> _RECORDED DATA_
# # #

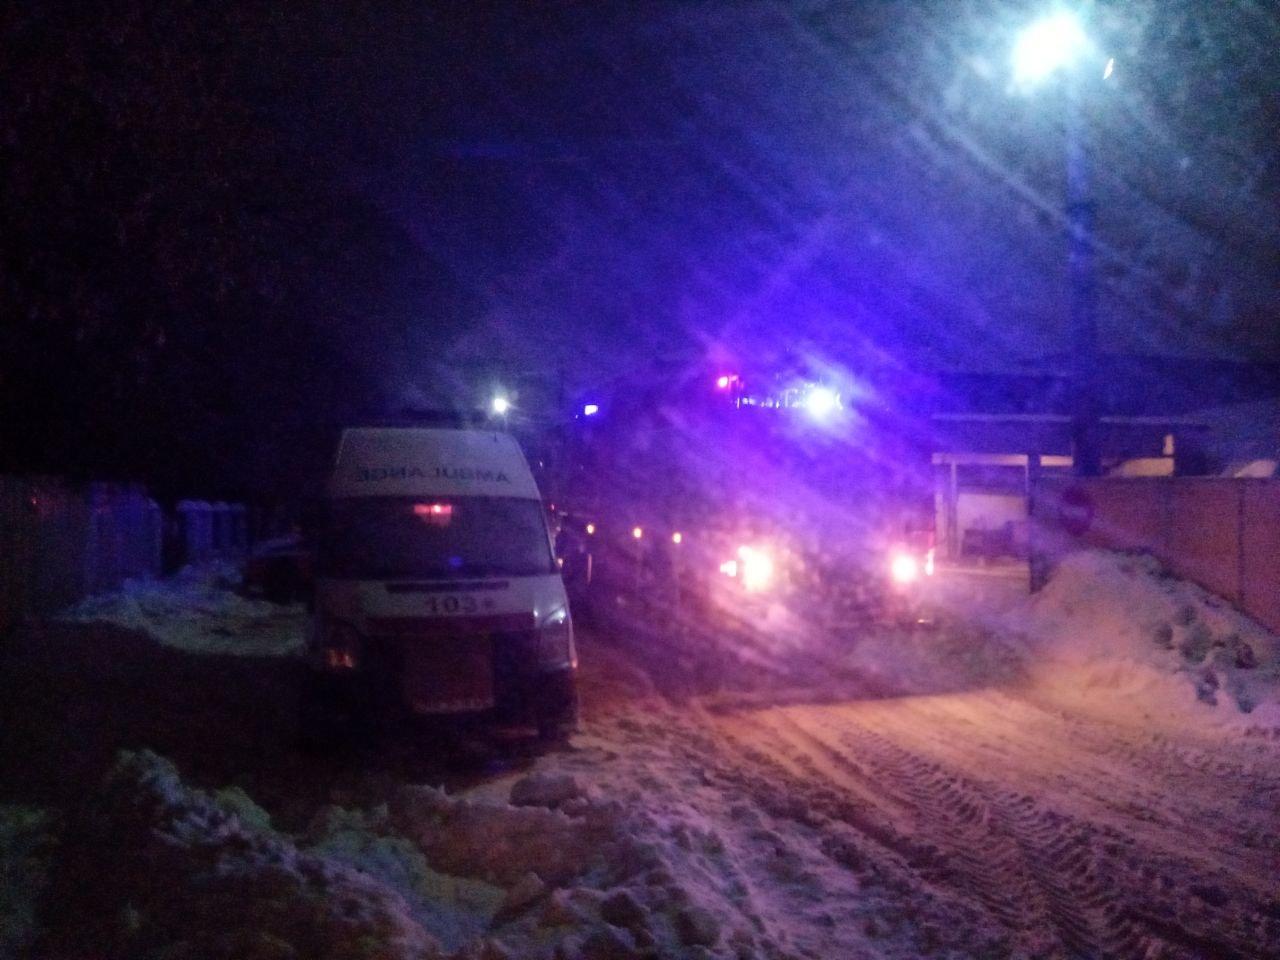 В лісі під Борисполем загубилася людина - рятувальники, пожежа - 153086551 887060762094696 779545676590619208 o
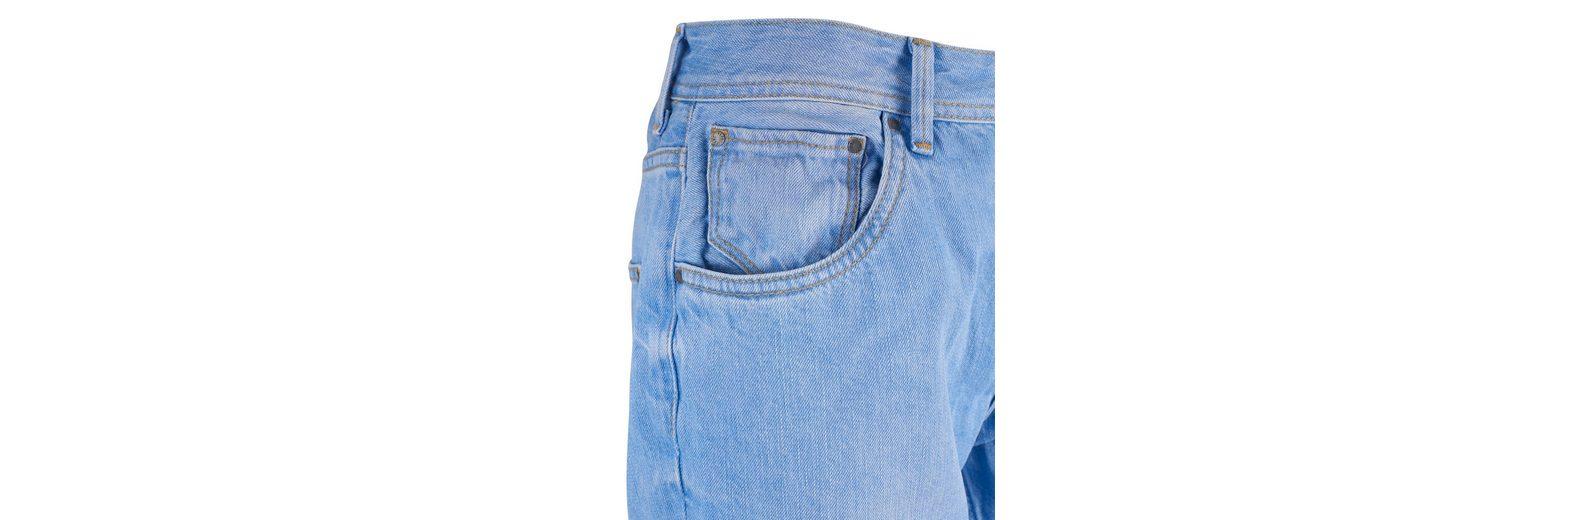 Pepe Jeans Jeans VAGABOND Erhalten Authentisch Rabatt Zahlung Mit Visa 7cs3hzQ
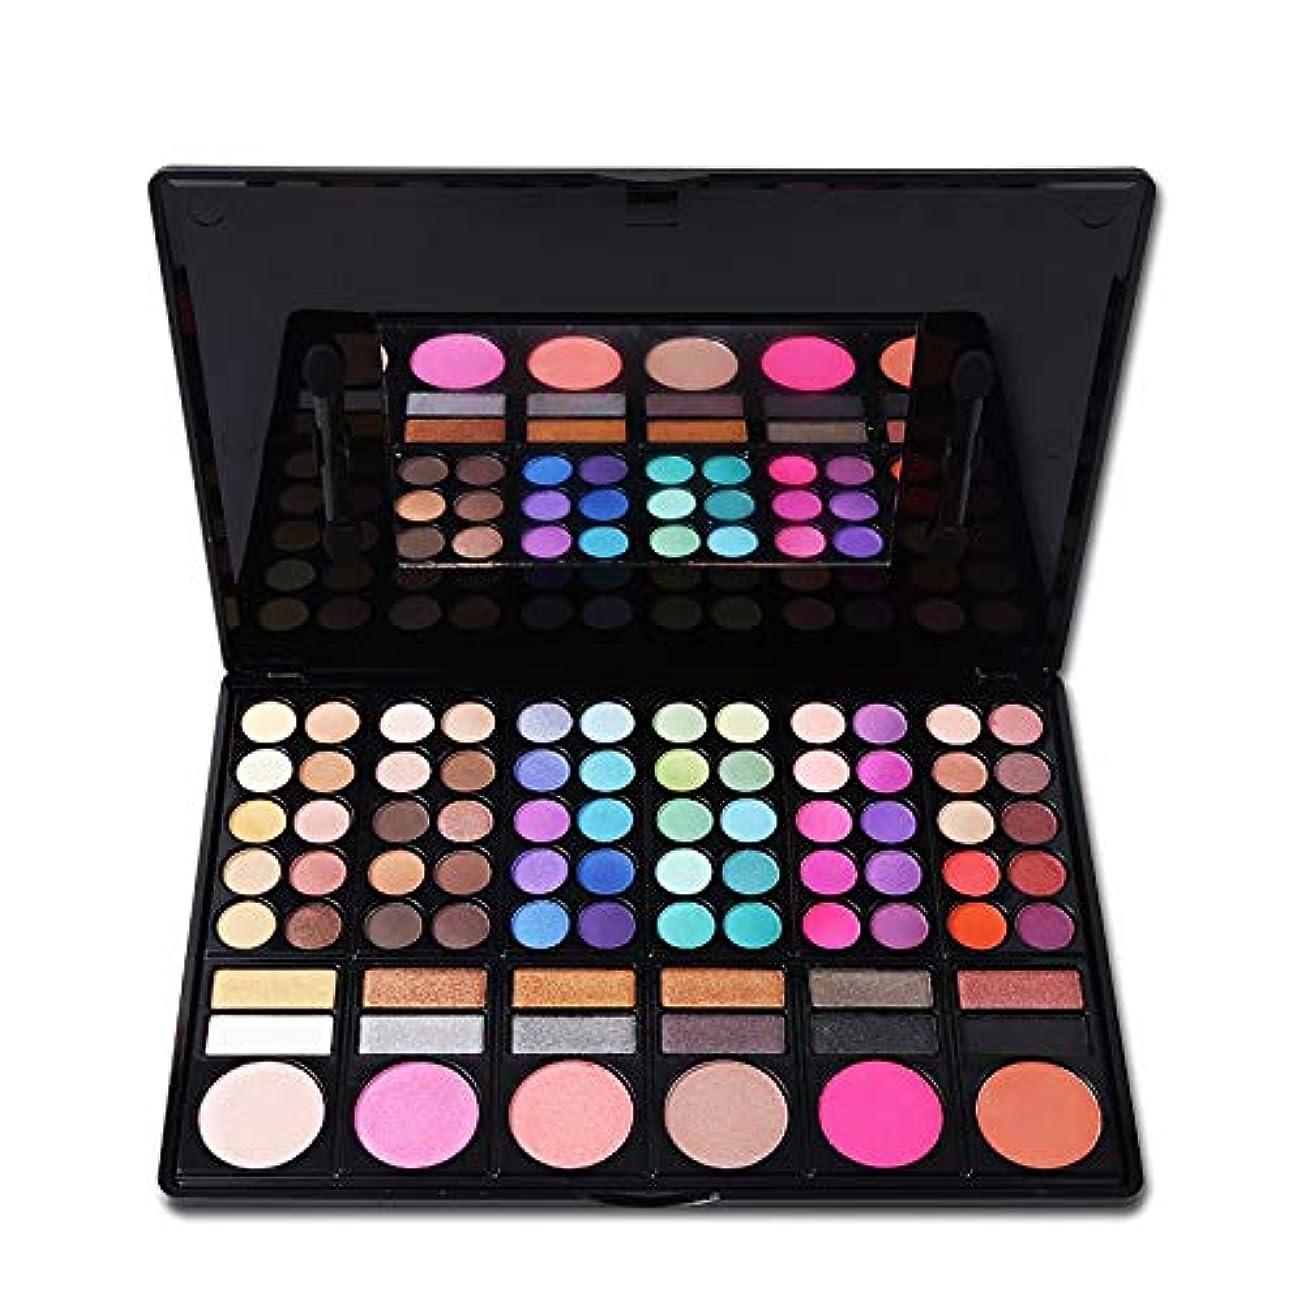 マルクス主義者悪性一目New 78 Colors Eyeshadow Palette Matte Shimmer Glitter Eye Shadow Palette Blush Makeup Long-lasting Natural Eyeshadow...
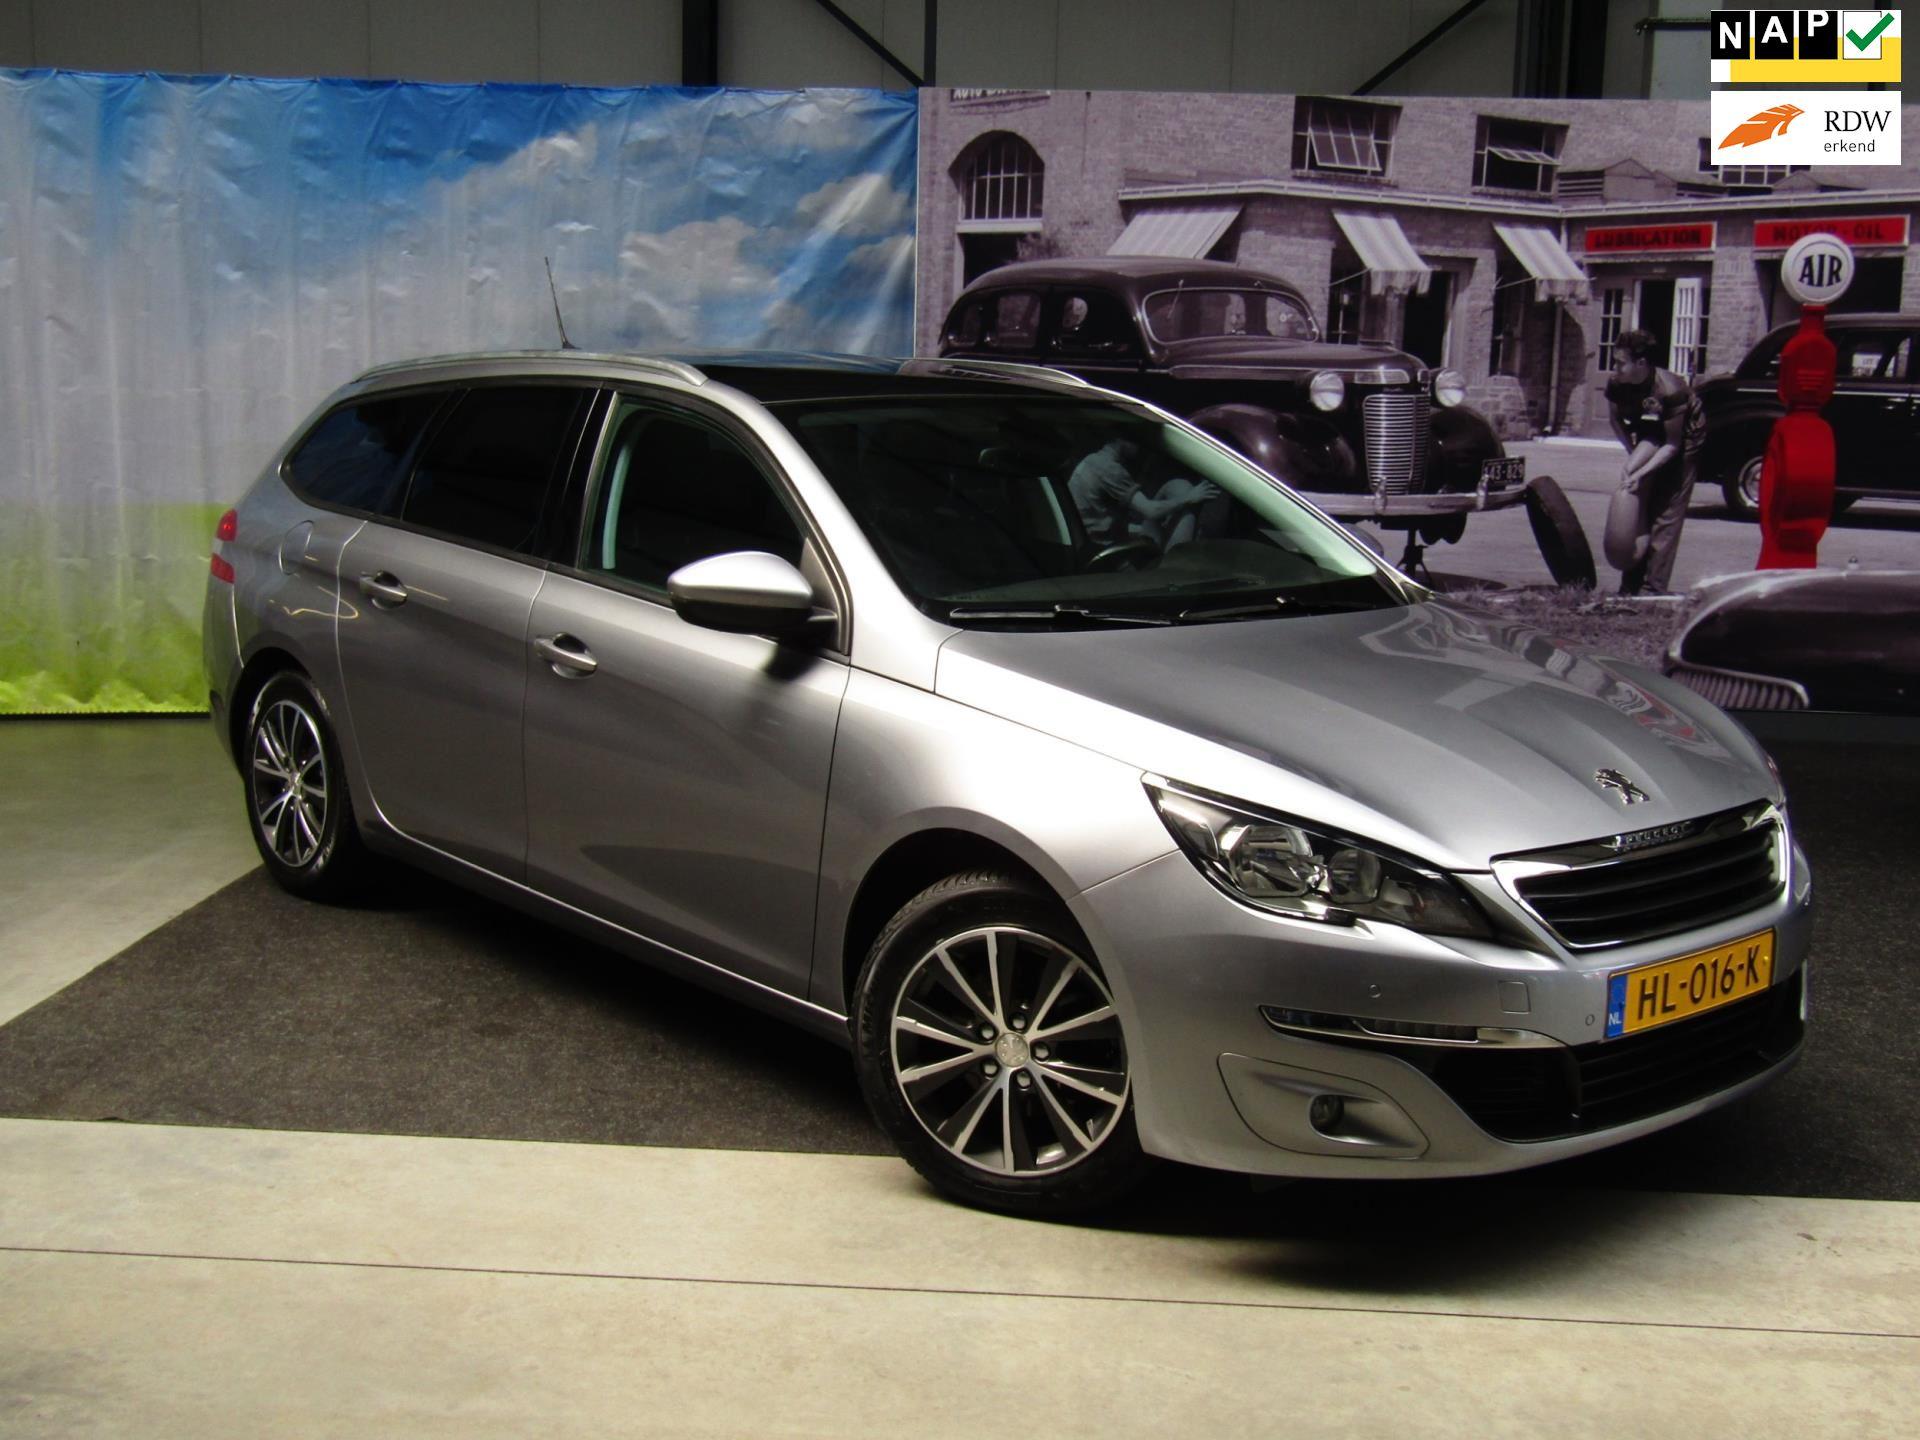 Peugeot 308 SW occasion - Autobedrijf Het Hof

# # #

> _TASK STATEMENT_
Without the pictures, transcribe exactly the lines above from the one containing "Pepe Jeans Jeans" through the last.

> _EXERCISE OUTPUT_
 Pepe Jeans Jeans VAGABOND Erhalten Authentisch Rabatt Zahlung Mit Visa 7cs3hzQ
 マルクス主義者悪性一目New 78 Colors Eyeshadow Palette Matte Shimmer Glitter Eye Shadow Palette Blush Makeup Long-lasting Natural Eyeshadow...
 Peugeot 308 SW occasion - Autobedrijf Het Hof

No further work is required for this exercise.